Яков Алексеевич насупил брови.
— Ты мне не указ. А коли такой желанный, то езжай в праздник сено вози! Своих быков в чужие руки я не доверяю!
— И поеду.
— Ну, и езжай!
— Спасибочко, Яков Алексеевич! — выгнулся в поклоне Прохор.
— Спасибо — спасибом, а молотьба придет — на недельку приди, поработаешься.
— Приду.
— То-то, гляди!
В воскресенье, едва лишь засветлел рассвет, под окнами хат и хатенок загремели костыли квартальных. Яков Алексеевич встретил своего квартального возле крыльца.
— Ты чево спозаранку моташи́шься?
— Рассвенется, приходи в школу на собрание. — Квартальный развернул кисет и, слюнявя клочок газеты, невнятно пробурчал:
— Статист приехал посевы записывать… Для налогу.
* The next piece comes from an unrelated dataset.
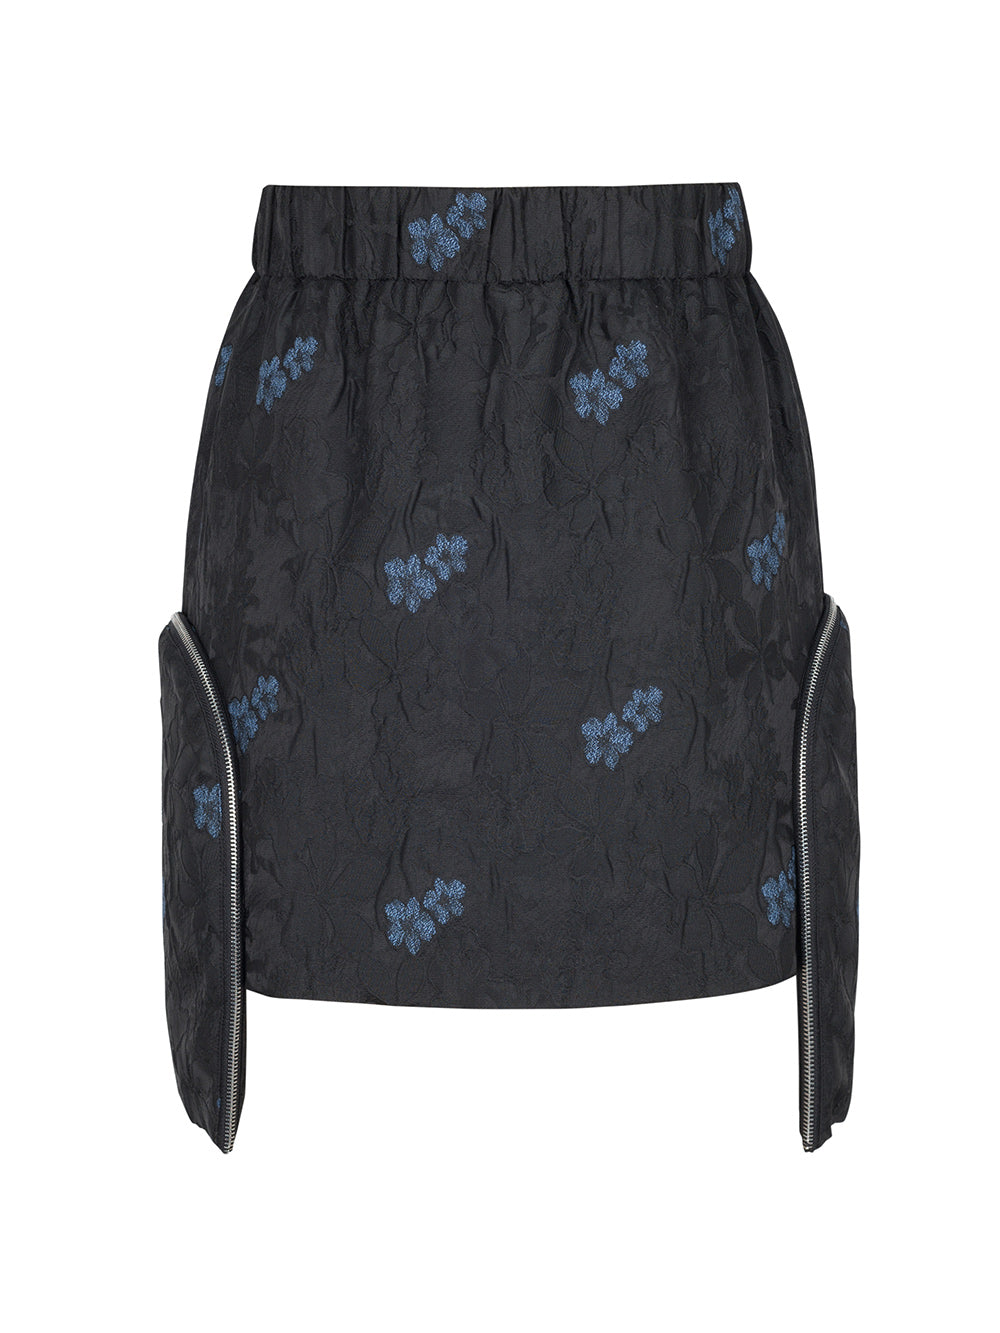 MUKZIN Jacquard Short Skirt

Вот какие дела… Прощевайте!
Пошел к калитке, на ходу чиркая спичкой, громыхая сыромятными чириками. Яков Алексеевич задумчиво помял бороду и, обращаясь к Максиму, гнавшему быков с водопоя, крикнул:
— Быков повремени давать Прохору. Нынче утром собрание вщет налога. Статист приехал. Пойдем обое со Степкой. Он комсамалист, может, ему какая скидка выйдет. Што же задарма он, што ли, обувку отцовскую бьет, по клубам шатается.
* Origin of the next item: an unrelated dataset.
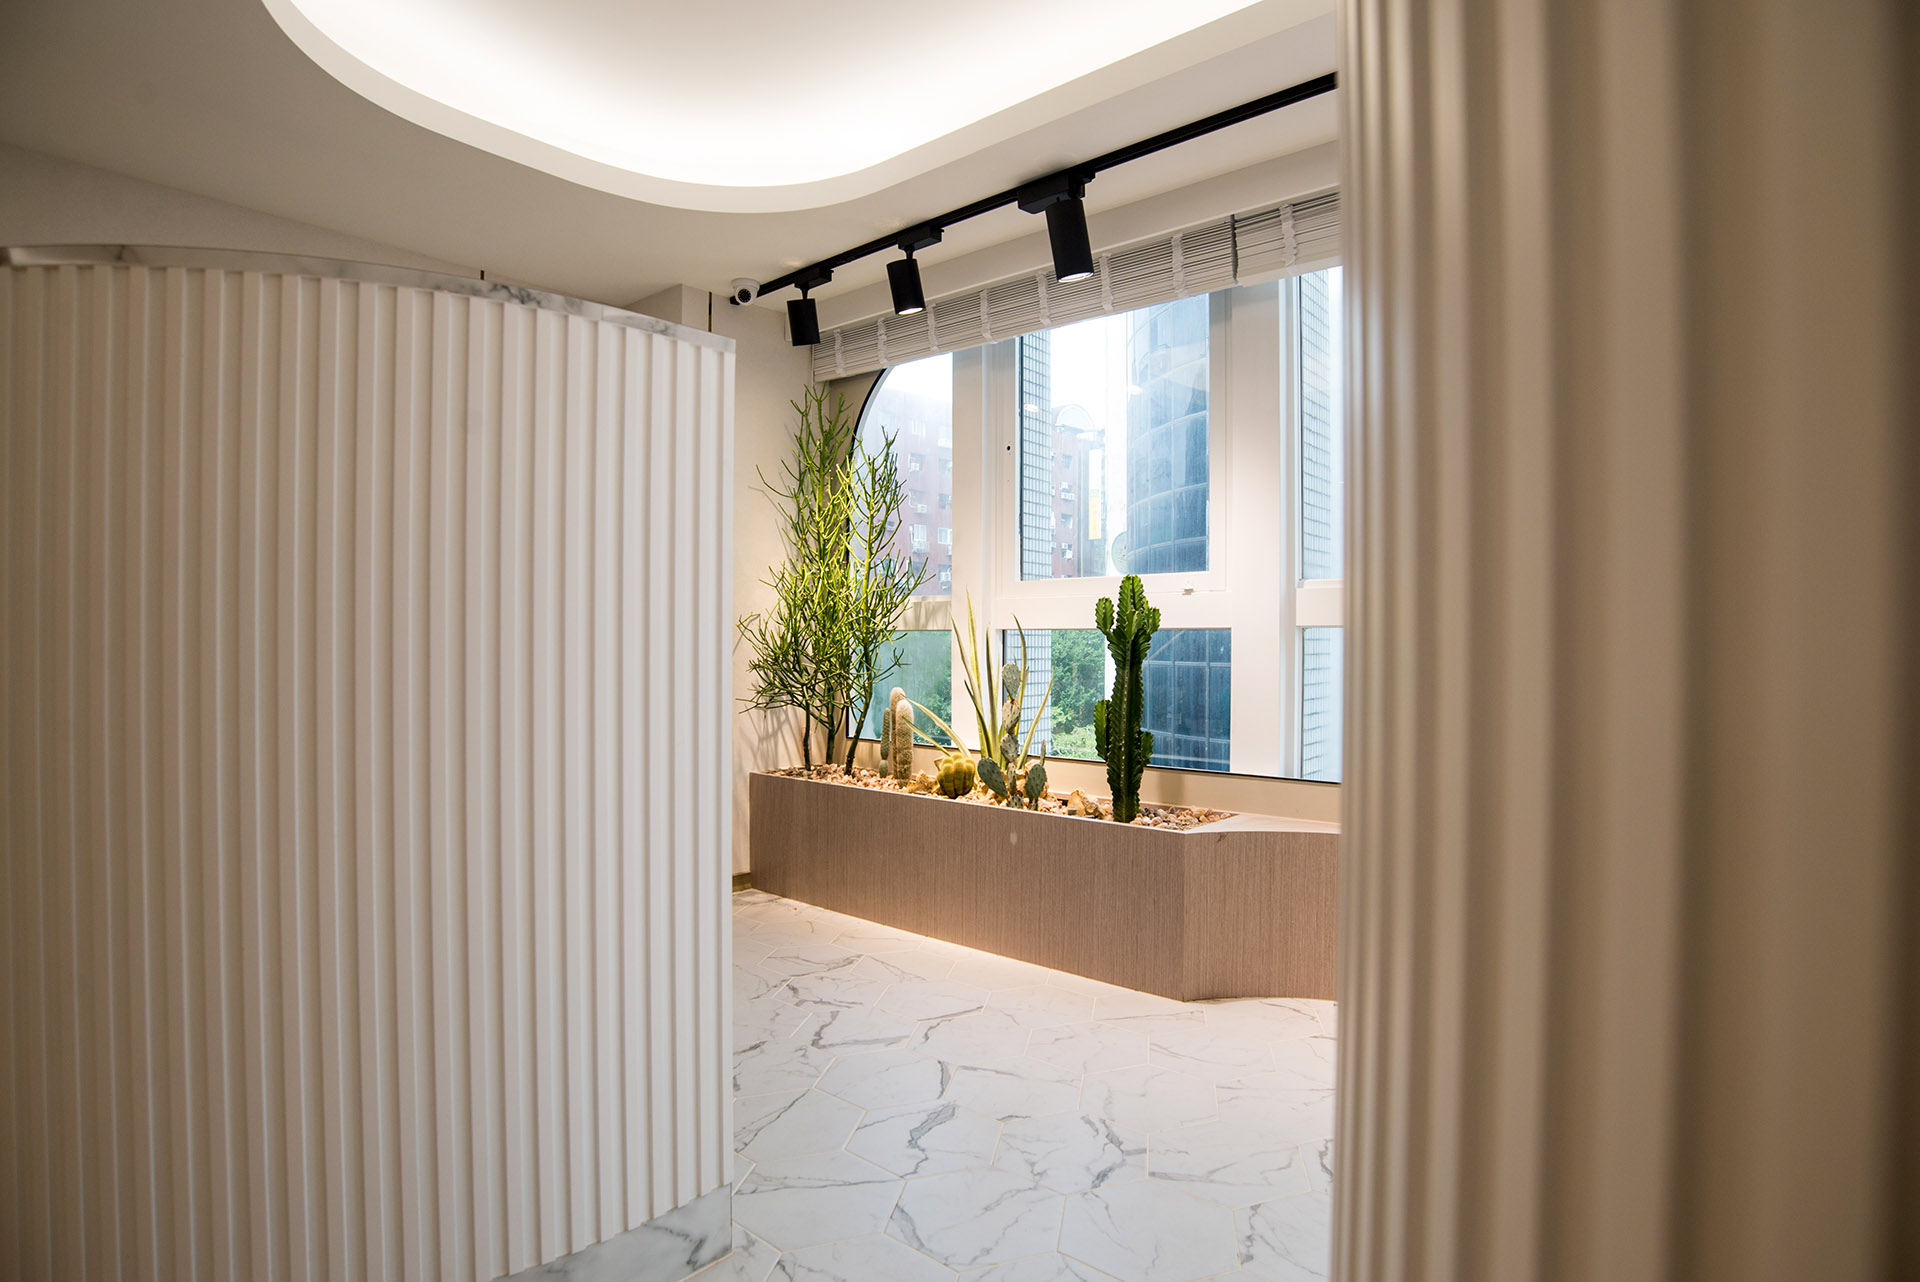 公司、辦公室植物造景設計 搭起創新思考的區域 0907 台北東區室內植物造景 9

Максим бросил быков и торопливо подошел к отцу.
— Ты, гляди, на старости лет не сдури… Записывай замест двадцати десятин — шесть, либо семь.
— Нашел ково учить, — усмехнулся Яков Алексеевич.
За завтраком Яков Алексеевич небывало ласковым голосом сказал Степке:
— С Прохором поедешь за сеном на ночь, а зараз одевай праздничные шаровары и пойдем на собрание.
Степка промолчал. Позавтракал и, ни о чем не спрашивая, пошел с отцом. В школе народу, как колосу на десятине в урожайный год. Дошла очередь и до Якова Алексеевича. Позеленевший от табачного дыма статистик, глядя сквозь рыжую бороду, спросил:
— Сколько десятин посева?
Яков Алексеевич, помолчав, деловито прижмурил глаз:
— Жита две десятины, — на левой руке его палец пригнулся к ладони, — проса одна десятина, — согнулся другой растопыренный палец, — пашеницы четыре десятины…
Яков Алексеевич придавил третий палец и поднял глаза к потолку, словно что-то про себя подсчитывая. В толпе кто-то хихикнул, покрывая смех, кто-то густо кашлянул.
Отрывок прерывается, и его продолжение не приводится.